* [ABOUT THIS EXERCISE]
Whenever a picture appears, leave it out while repeating all the other data exactly.

* [COLLECTED MATERIAL]
────────

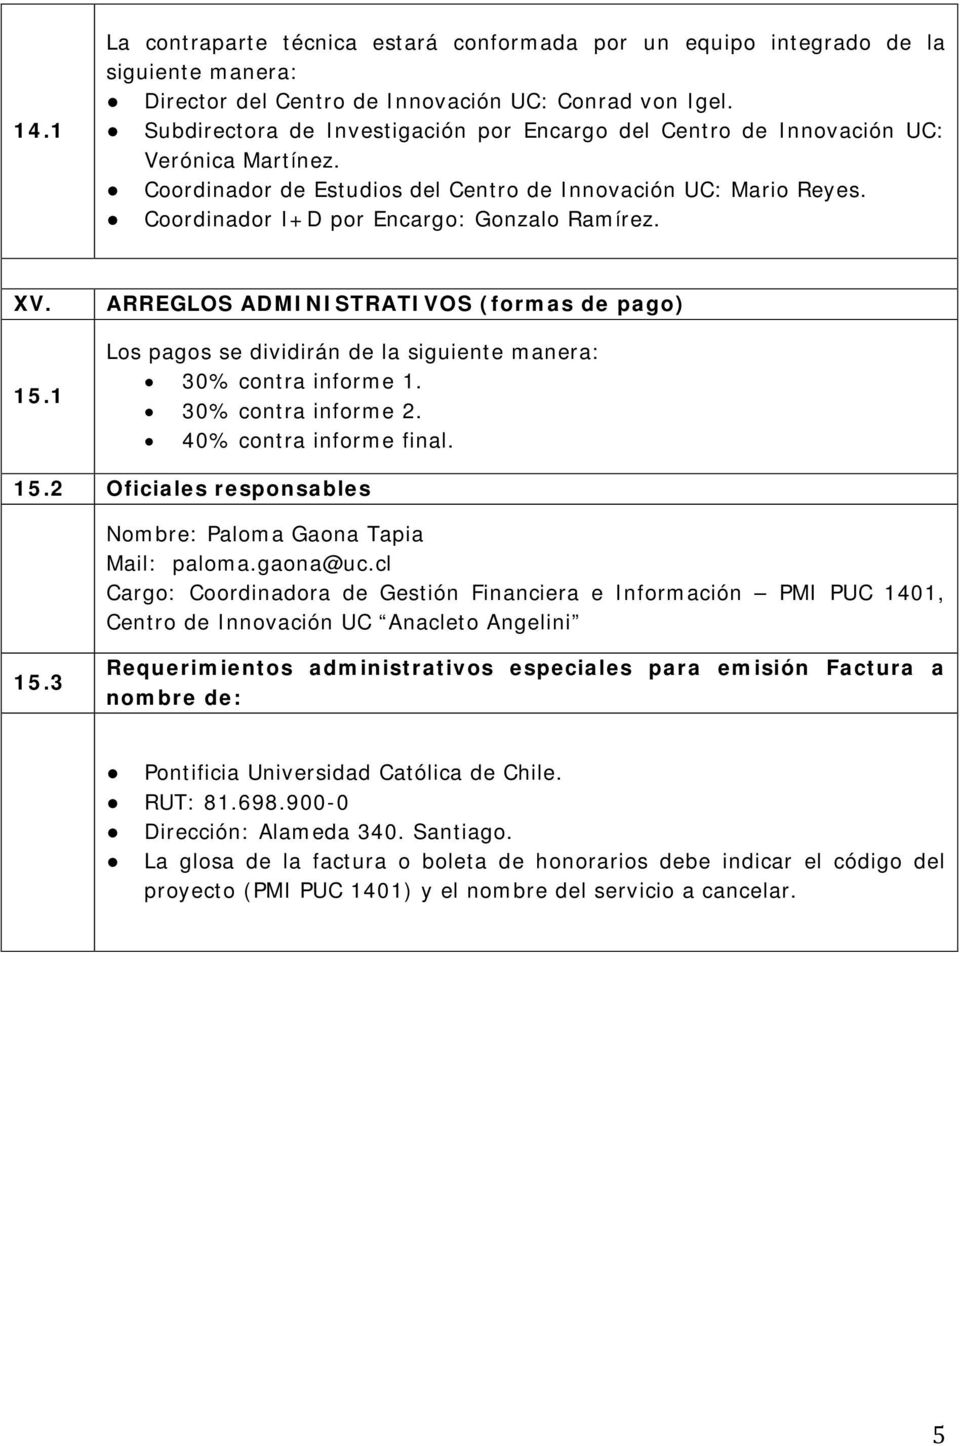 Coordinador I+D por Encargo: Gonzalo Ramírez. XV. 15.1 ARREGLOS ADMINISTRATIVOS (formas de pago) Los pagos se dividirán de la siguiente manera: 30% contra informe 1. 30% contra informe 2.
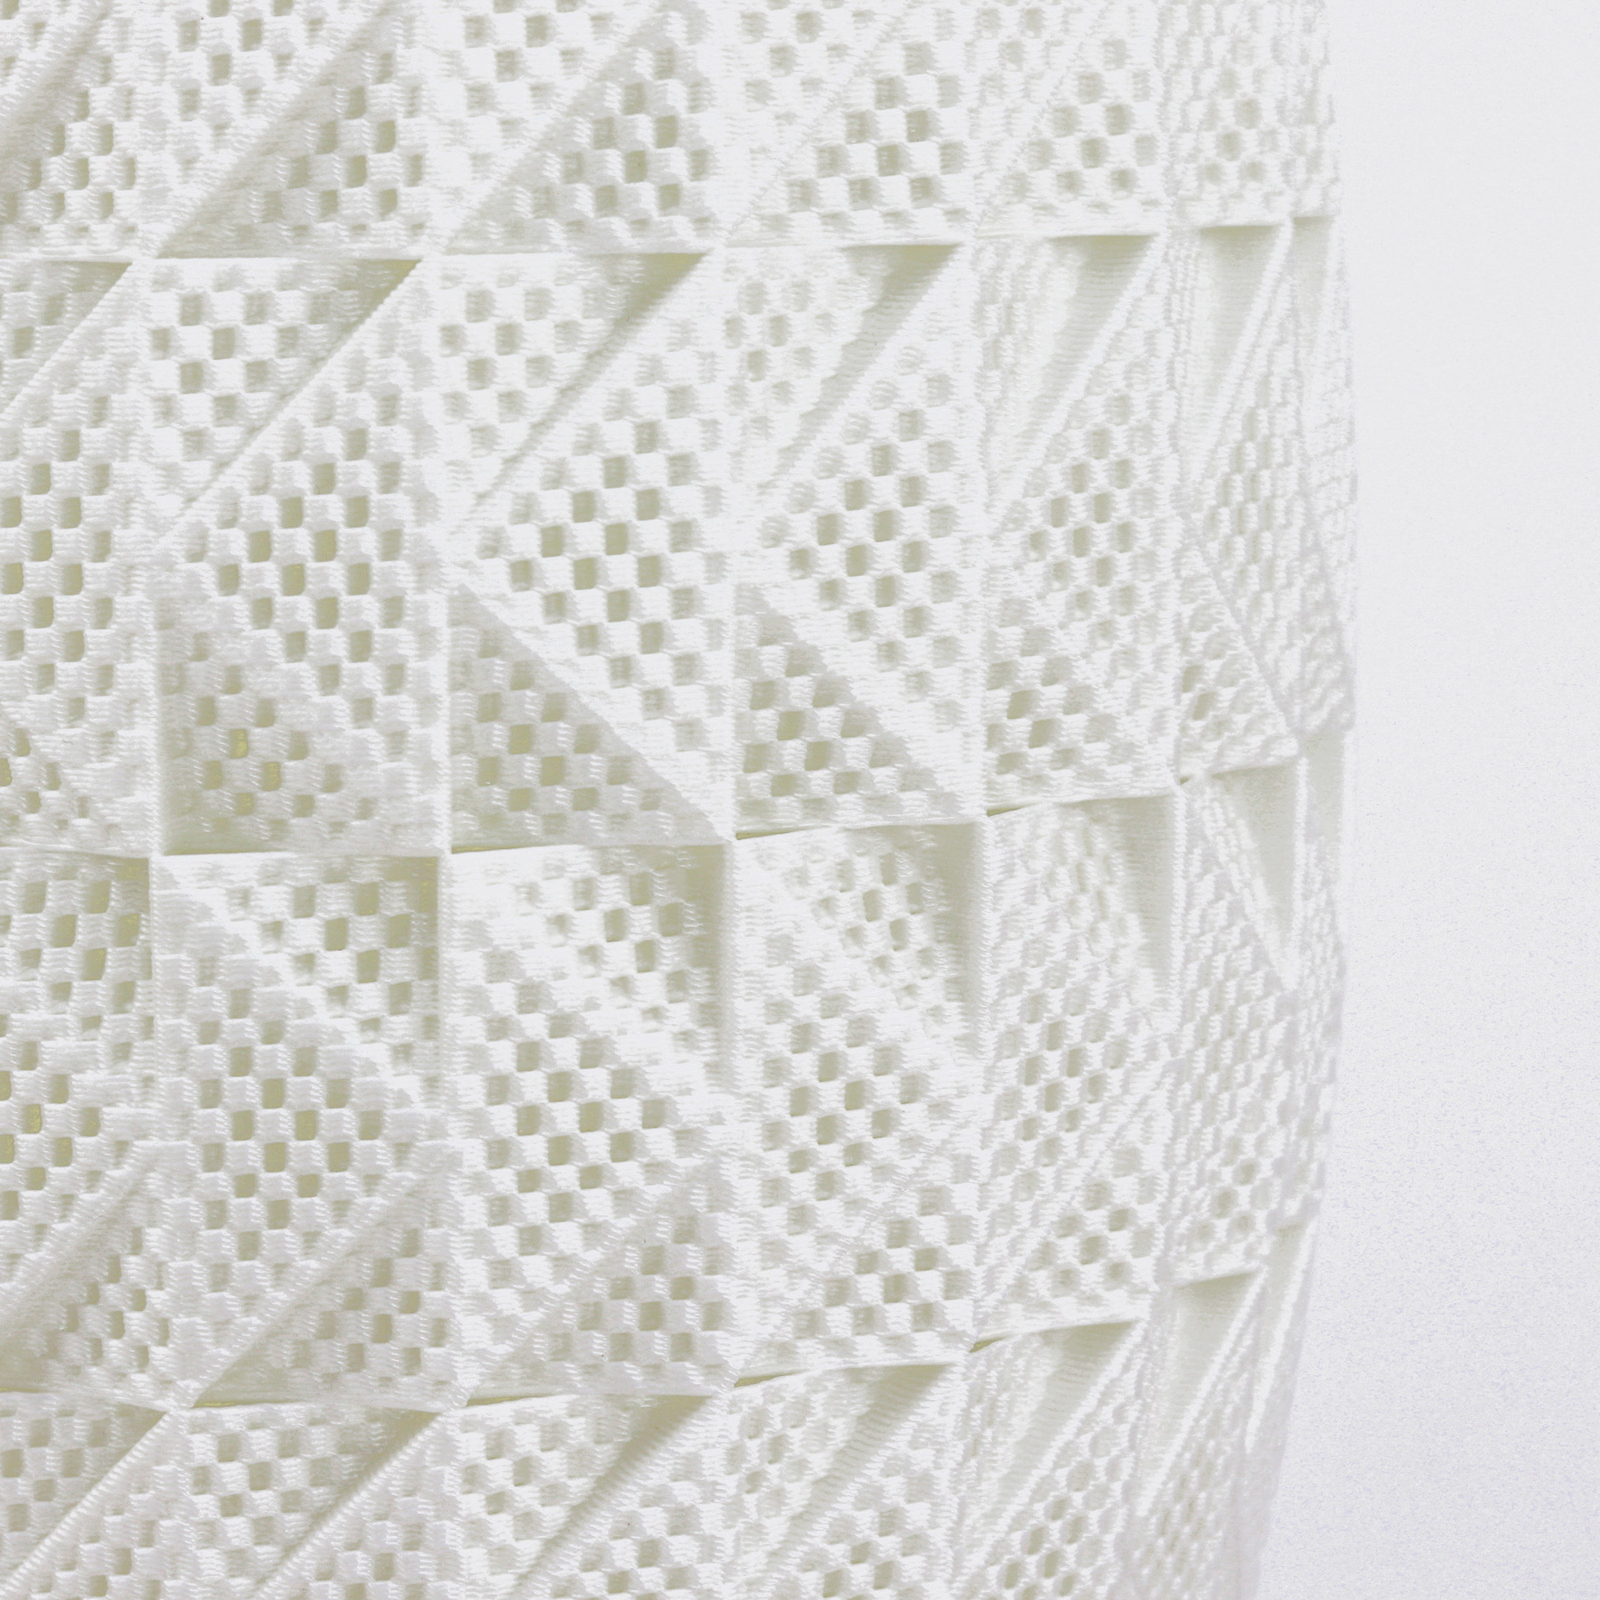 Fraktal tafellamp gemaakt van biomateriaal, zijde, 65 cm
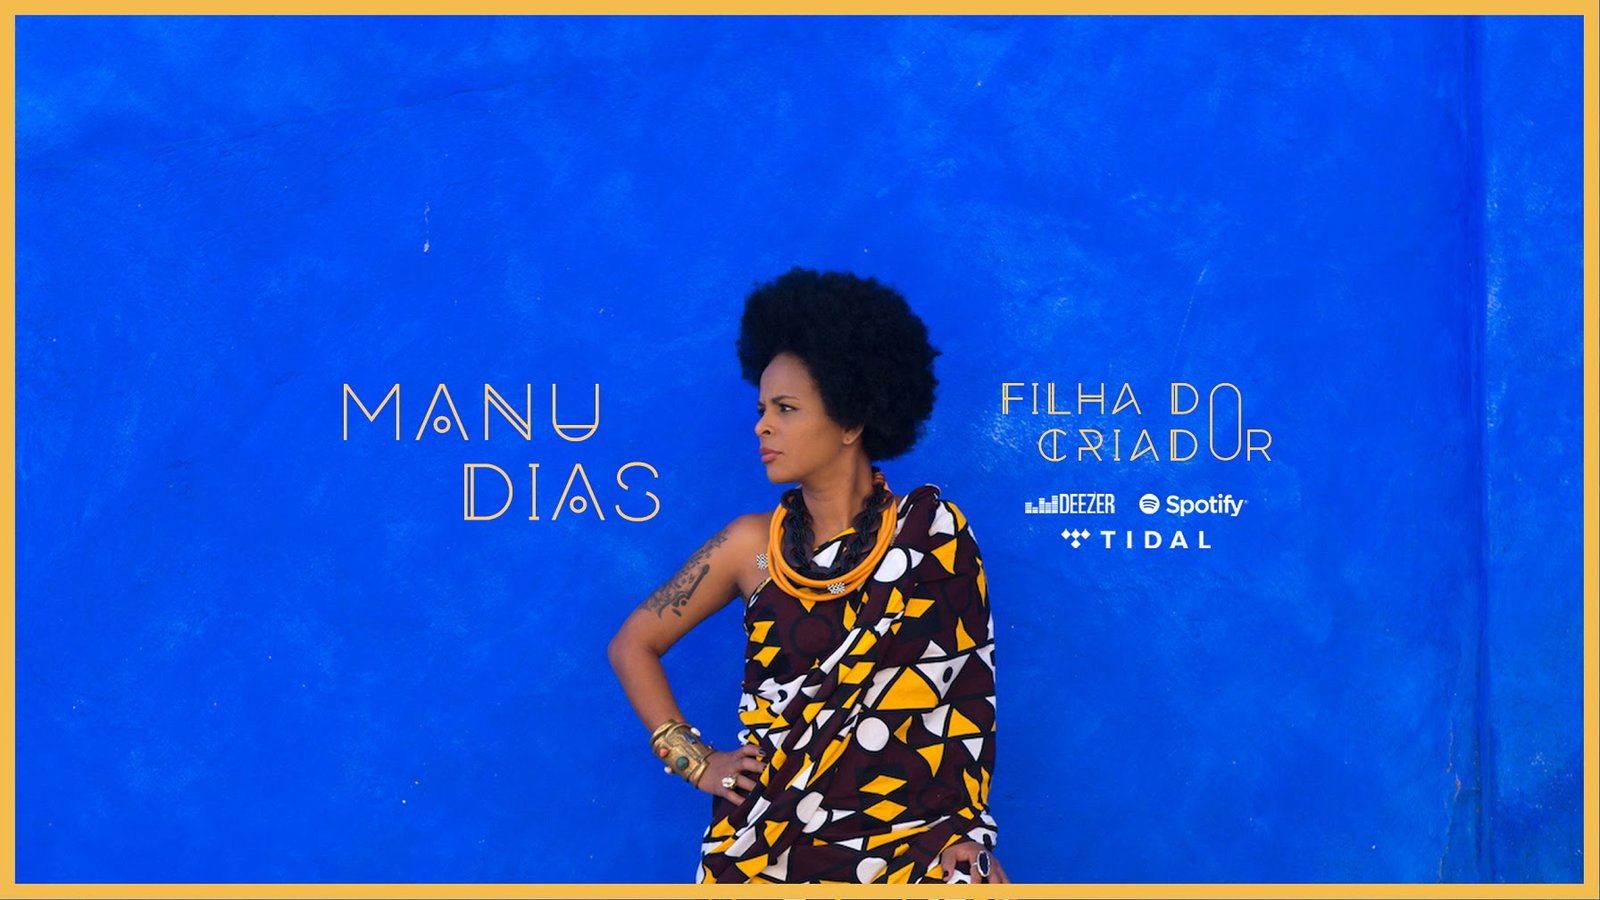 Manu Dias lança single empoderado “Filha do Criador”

────────

* [EXERCISE RESULT]
 Coordinador I+D por Encargo: Gonzalo Ramírez. XV. 15.1 ARREGLOS ADMINISTRATIVOS (formas de pago) Los pagos se dividirán de la siguiente manera: 30% contra informe 1. 30% contra informe 2.
 Fraktal tafellamp gemaakt van biomateriaal, zijde, 65 cm
 Manu Dias lança single empoderado “Filha do Criador”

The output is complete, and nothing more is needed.